As the process group interface passes messages from the application processes down to the multiple ring protocol, it fragments large messages and combines small messages into larger messages (packets) of a convenient size for transmission. On receiving messages from the multiple-ring protocol, the process group interface reassembles the messages and senqueues them on the sockets of the processes that are members of the groups to which the messages are addressed. Because the process group interface receives messages in the correct order, it need not be concerned with message ordering.

On each processor, the process group interface maintains the current membership of any process group of which at least one process on that processor is a member. When a process joins or leaves a group, this fact is disseminated throughout the network to all members of the group by the process group membership protocol.

Maintaining the consistency of message ordering when a process can be a member of several intersecting process groups, or when a process communicates with other processes outside its group, is an interesting problem. Ordering messages independently within each process group can lead to inconsistencies. Consider three processes, p, q, and r, all of which are members of two process groups, G and H. Process p multicasts message [m.sub.1] to group G. On receiving [m.sub.1], q multicasts message [m.sub.2] to group H. Clearly, [m.sub.1] causally precedes [m.sub.2] but, if messages are ordered only within groups, [m.sub.2] might be delivered to process r before [m.sub.1]. The only effective method known to us for ensuring consistency in the presence of multiple intersecting process groups is to impose a single global total order on all messages for all process groups in the system--the strategy adopted by Totem.

Performance

The Totem system has been implemented in the C programming language on Sun Microsystems IPCs running SunOS 4.1 and on Sun SPARCstation 20s running Solaris 2.4 over 10-Mbit/s and 100-Mbit/s Ethernet. It uses the Ethernet hardware broadcast capabilities and standard Unix facilities, particularly Unix UDP sockets, to broadcast messages and to transfer the token. The implementation has been ported to several other types of machines.

Single Ring

We have measured the throughput (number of messages an individual processor delivers into the total order per second) of the Totem single-ring protocol on our network of eight Sun SPARCstation 20s running Solaris 2.4 over a 100-Mbit/s Ethernet. Each processor was ready to broadcast at all times and the extra load on the processors and on the Ethernet was minimal. The flow-control parameters were adjusted to maximize throughput.

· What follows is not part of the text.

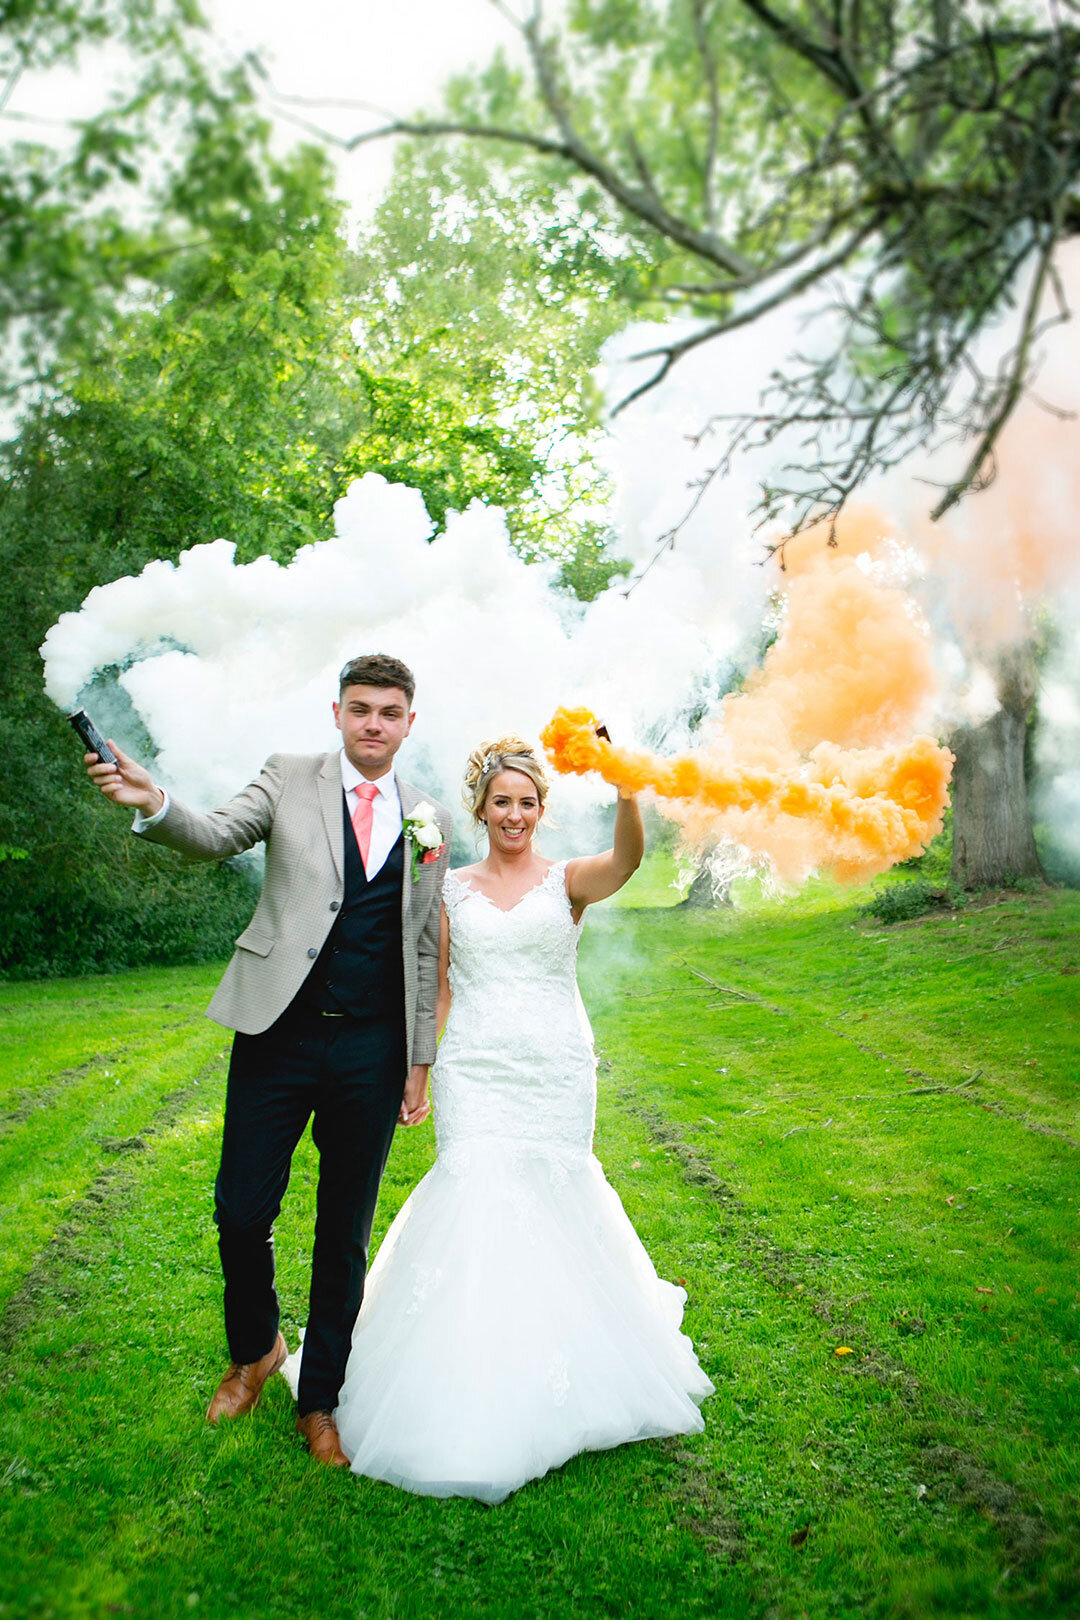 5 Fun Wedding Photography Ideas Engage Weddings

As Figure 6 shows, the highest throughput results from packing small messages into larger messages (packets) within the application process. For small messages, the primary determinant of throughput is the cost of packing, rather than the cost of transmission and ordering. For the highest throughput, the processors are saturated and no cycles are left for the application. Real-world applications must operate with substantially fewer messages per second than are shown in Figure 6.

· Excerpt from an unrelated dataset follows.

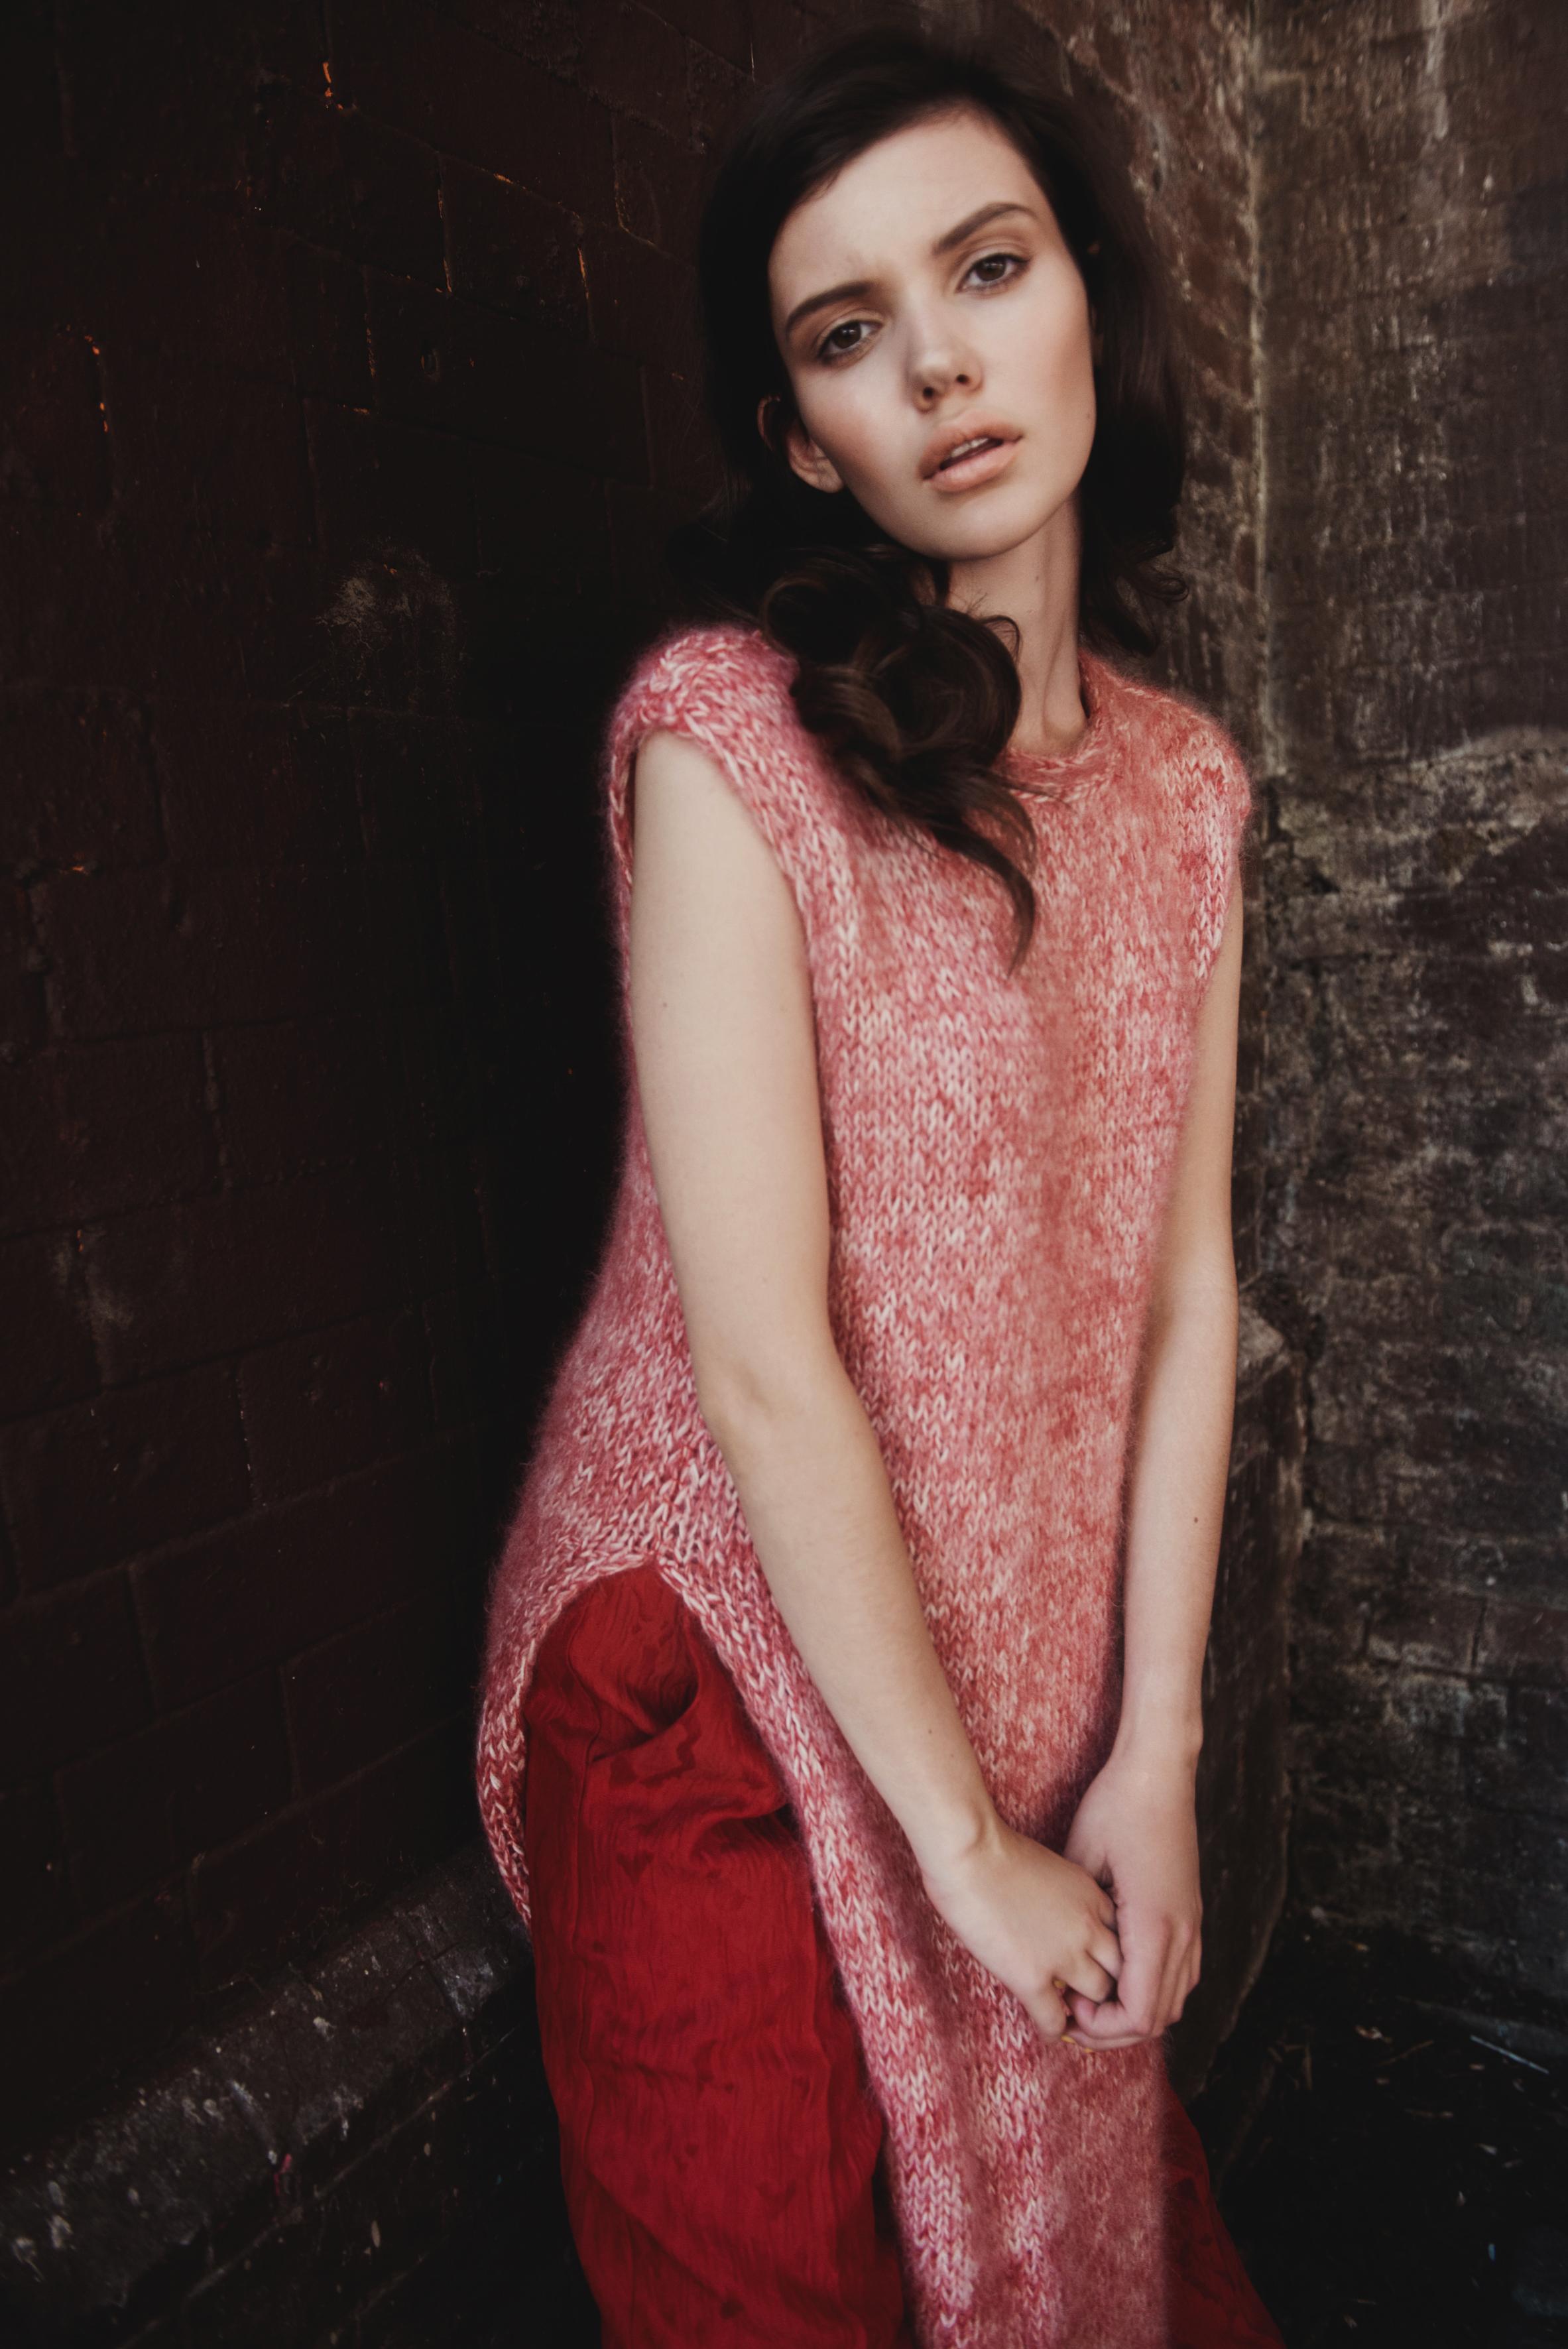 sasha-oneill-make-up-artist_solstice -magazine_east-of-eden_5

Detection of a processor crash requires at most 50 milleseconds, and recovery after detection typically requires less than 20 milliseconds for this eight processor network. Further faults during recovery may lengthen this time, but it remains bounded.

For real-time applications, the latency from origination to delivery of a message is also important. To investigate the tail of the latency distribution, we developed an analytic model [16]. The graph at the left of Figure 7 shows the probability density function for the latency to agreed delivery with approximately 1,000 Poisson arrivals per second on a ring of eight processors with 1,000-byte messages. The graph at the right of Figure 7 shows the corresponding probability density function for a deterministic arrival process. For a modern LAN, under normal conditions and with good flow control, the probability of message loss is very smell, typically less than r= 0.00001.

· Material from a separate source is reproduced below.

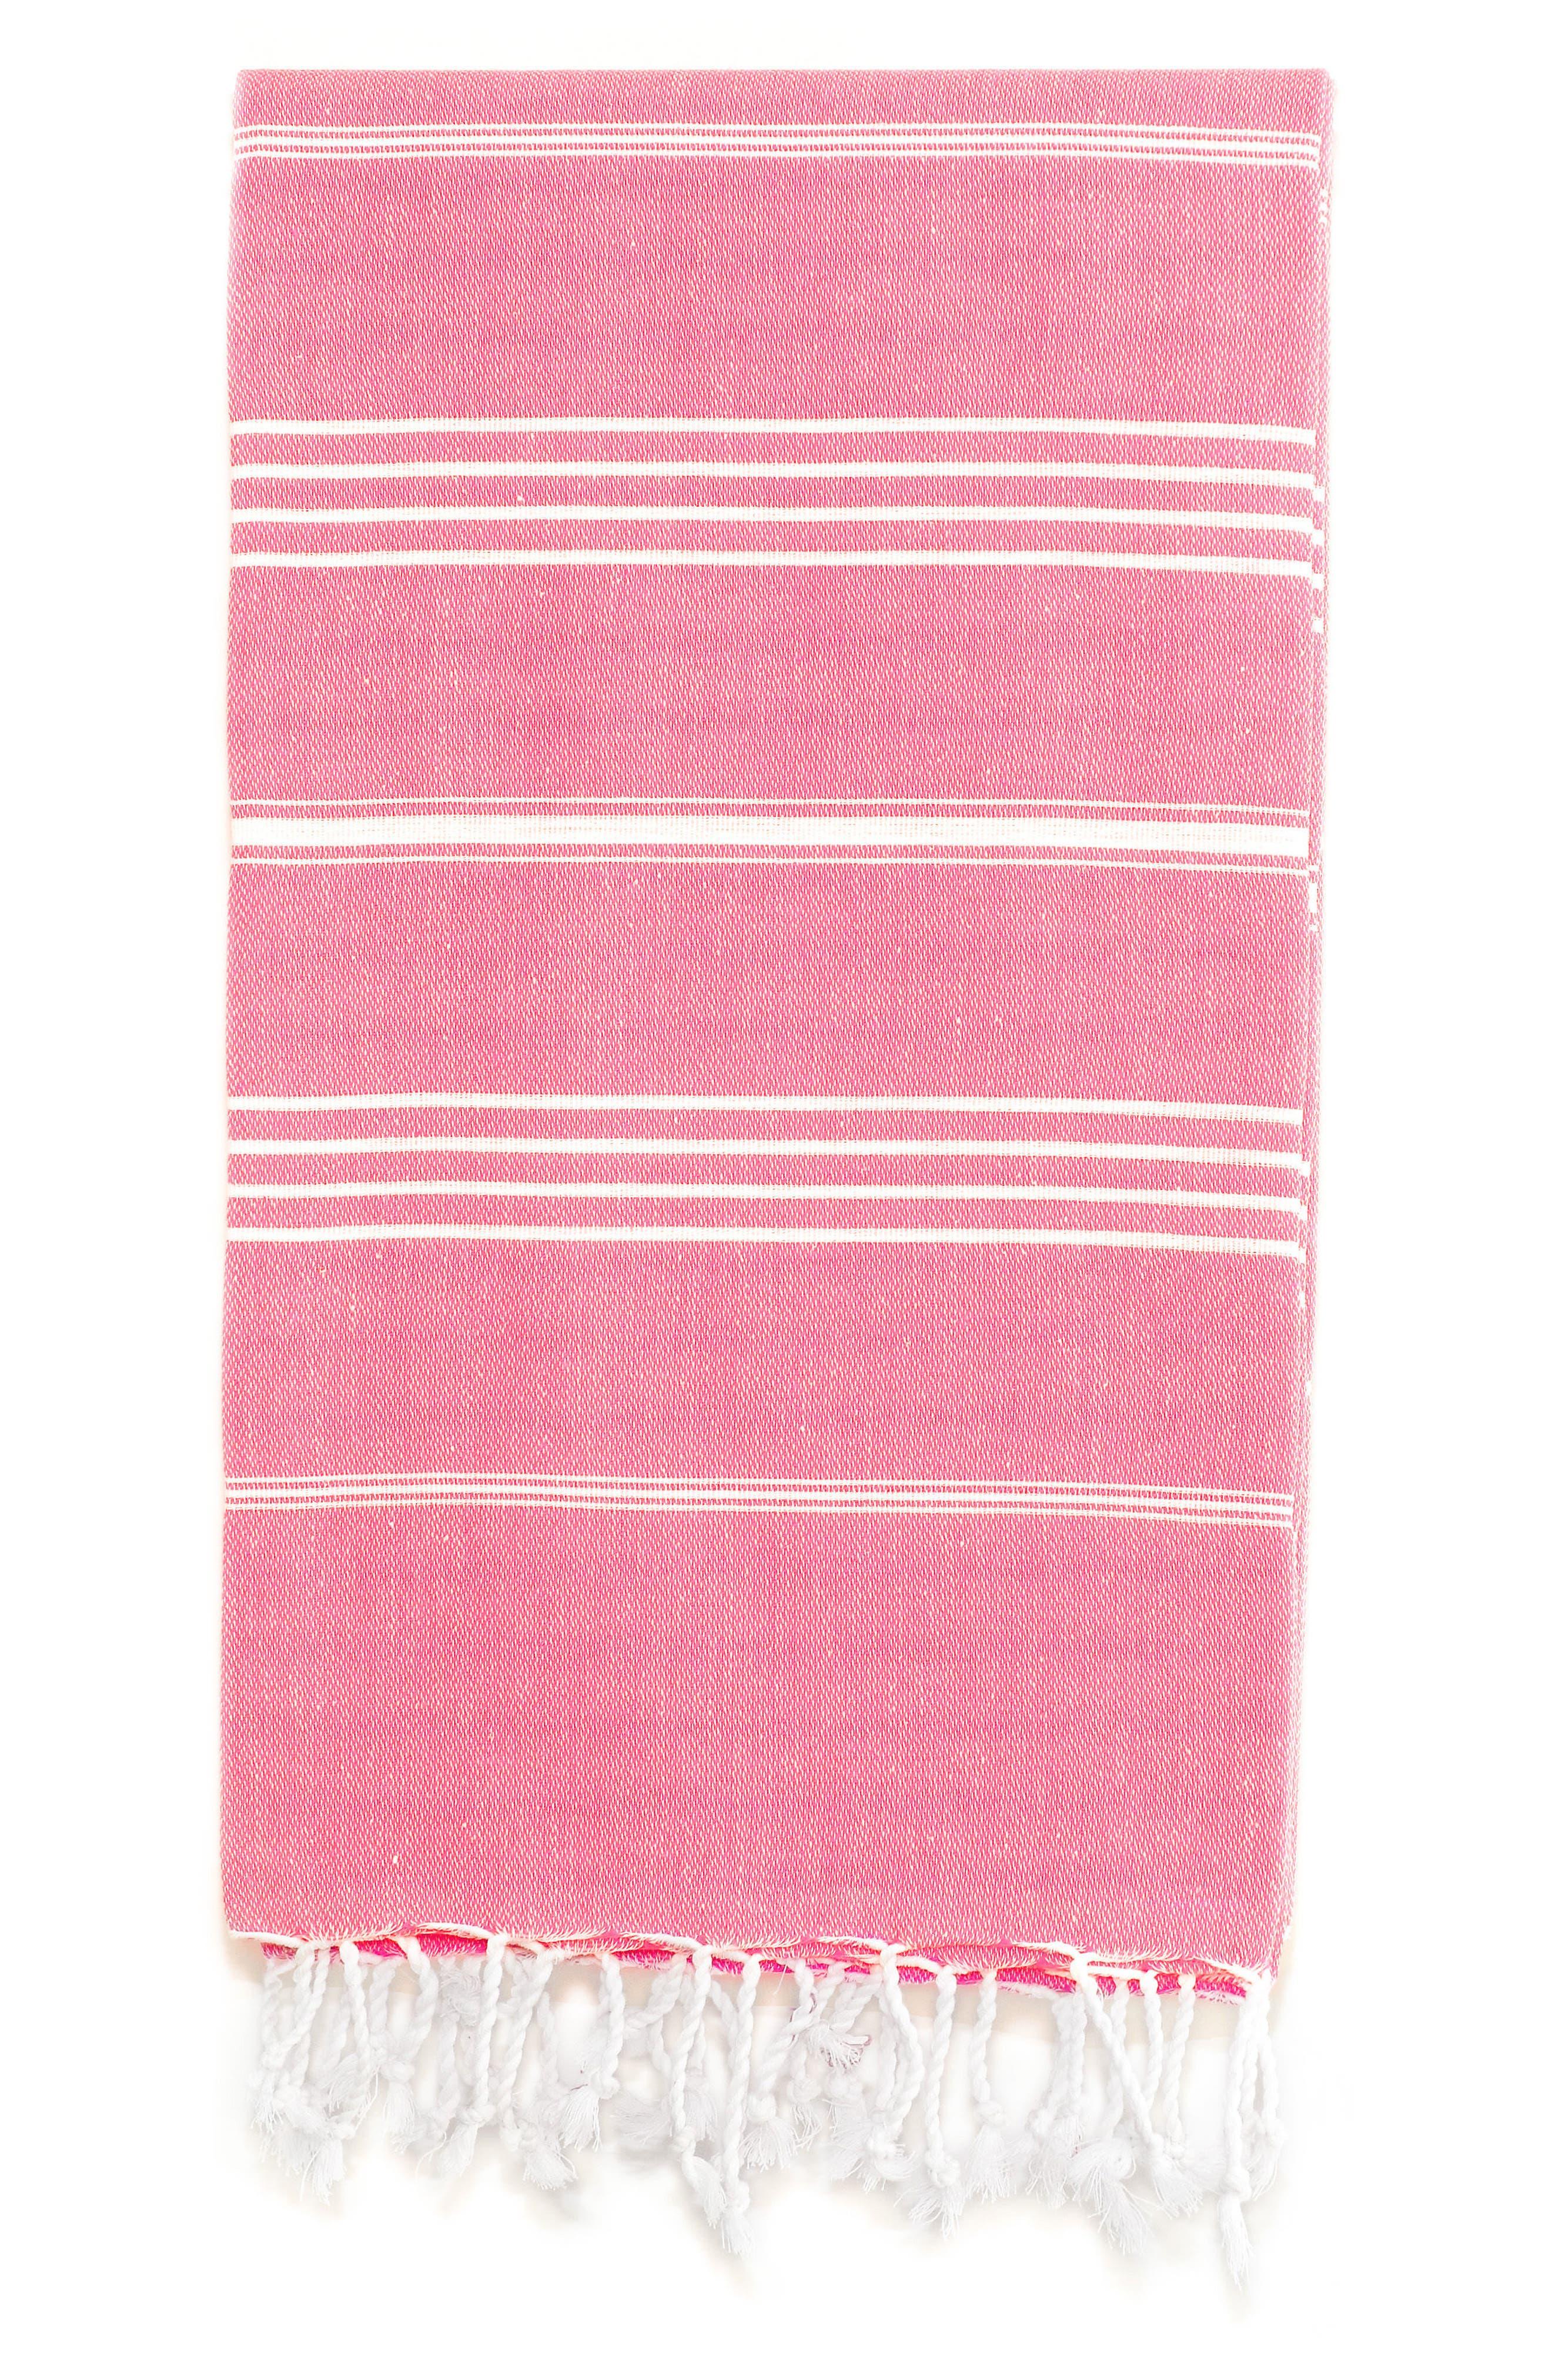 Alternate Image 1 Selected - Linum Home Textiles 'Lucky' Turkish Pestemal Towel

As is evident, for low message-loss rates, the deterministic arrival process has a lower probability of incurring a longer latency to agreed delivery than the Poisson arrival process. The Poisson arrival process allows messages to bunch together, slowing the token rotation and resulting in higher latencies for all messages in the bunch. If the nature of the system is such that the generation of messages tends to be Poisson rather than deterministic, it is necessary to operate at lower message generation rates to avoid high latencies.

We are currently extending the probability density function analysis to include processor faults and multiple rings. These probability density functions provide the predictability needed for real-time applications (see the sidebar, "What Is Real Time?").

Multiple Rings

In general, token-based protocols scale poorly to large systems, but Totem can operate on multiple rings with a filtering mechanism at each gateway. Messages addressed to a process group are forwarded along one (or more) spanning trees, but only if needed to reach members of the process group. Thus, Totem exploits process-group locality and scales logarithmically, rather than linearly, to larger networks.

To investigate the performance of the multiplering protocol with more processors than we currently have in our laboratory, we developed an analytic model. For the four topologies shown in Figure 8, each containing 40 processors, we considered the probability that a message must be forwarded through the network. In this analysis, [P.sub.1] represents the probability that a message originated in one half of the network must be forwarded to the other half; [P.sub.2] represents the probability that, within one half of the network, a message must be forwarded from one quarter to the other.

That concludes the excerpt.